Ромка вздохнул, сел на лавку.

Двойняшки, Мишка и Нюра, сидели на завалинке с другой стороны дома, прижавшись друг к другу.

Им было холодно, хотя солнце и пригревало, но одеты они были легко и бедно.

Мишка был в старых Ромкиных штанах, подвёрнутых в несколько раз и подвязанных верёвкой.

На Нюре — выцветшее платьице. Оба были худые, бледные, с тонкими шейками и большими глазами на осунувшихся личиках.

Есть хотелось всегда. Они уже видели, как мать взяла хлеб, но подойти к столу, когда родители садились пить, боялись.

Знали: попадет. Лучше потерпеть до утра, пока отец проспится и, может, что-нибудь даст.

В доме налили. Звякнул стакан. Зойка выпила, крякнула, занюхала хлебом.

Ромка выпил следом, молча, тяжело. Закусил огурцом. Сидели, смотрели в одну точку.

Поговорить им было не о чем. Давно уже не о чем. Всё, что можно было сказать друг другу, было сказано в пьяных драках. Осталась только привычка пить рядом.

А ведь была она другой, Зойка эта. Клава, стоявшая сейчас на поле, помнила её хорошо, ещё семилетней давности.

Зойка приехала в их деревню невестой из соседнего района — ладная, чернобровая, с косой ниже пояса.

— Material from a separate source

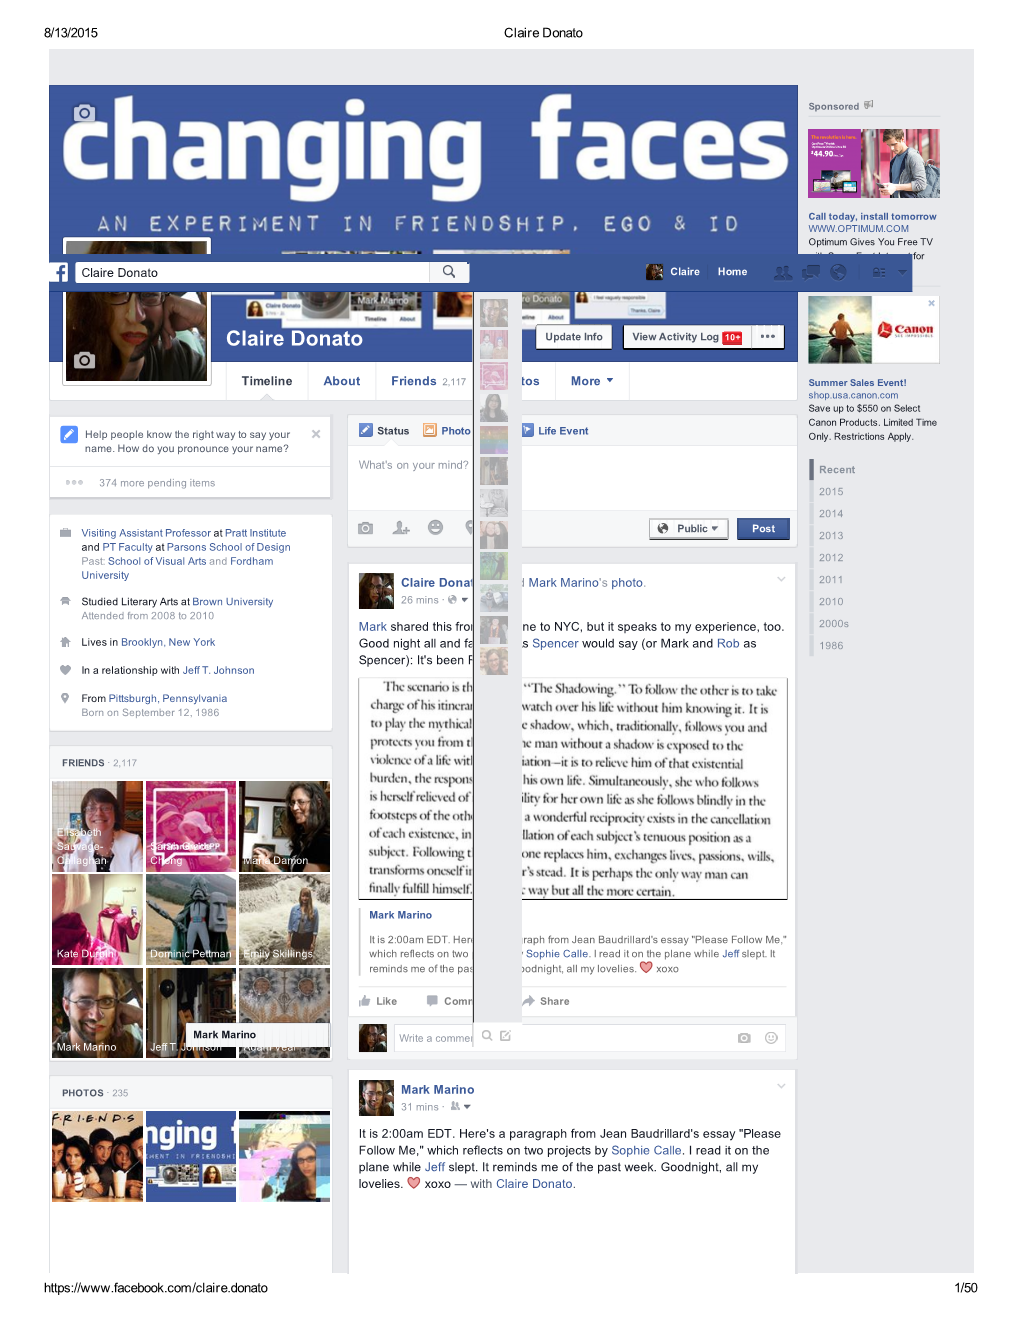 Claire Donato FB Full Changing Facs

Глаза горели, смеялась звонко. Как выходила замуж за Ромку — залюбуешься: платье белое, фата, вся светилась.

Ромка тогда непьющий был, тихий, работящий.

Дом свой поставили, хозяйство завели. А как двойня родилась — и посыпалось.

Двое детей сразу — это тяжело. Бессонные ночи, крик, пелёнки, усталость бесконечная.

А помощи ждать неоткуда, родители далеко. Ромка с работы придёт уставший, ему бы тишины, а тут орут двое. Зойка и сама на нервях, истерзанная.

И нашла она утешение в рюмке. Сначала по чуть-чуть, чтоб уснуть. Потом больше.

Ромка сперва ругался, а потом и сам, глядя на неё, стал прикладываться.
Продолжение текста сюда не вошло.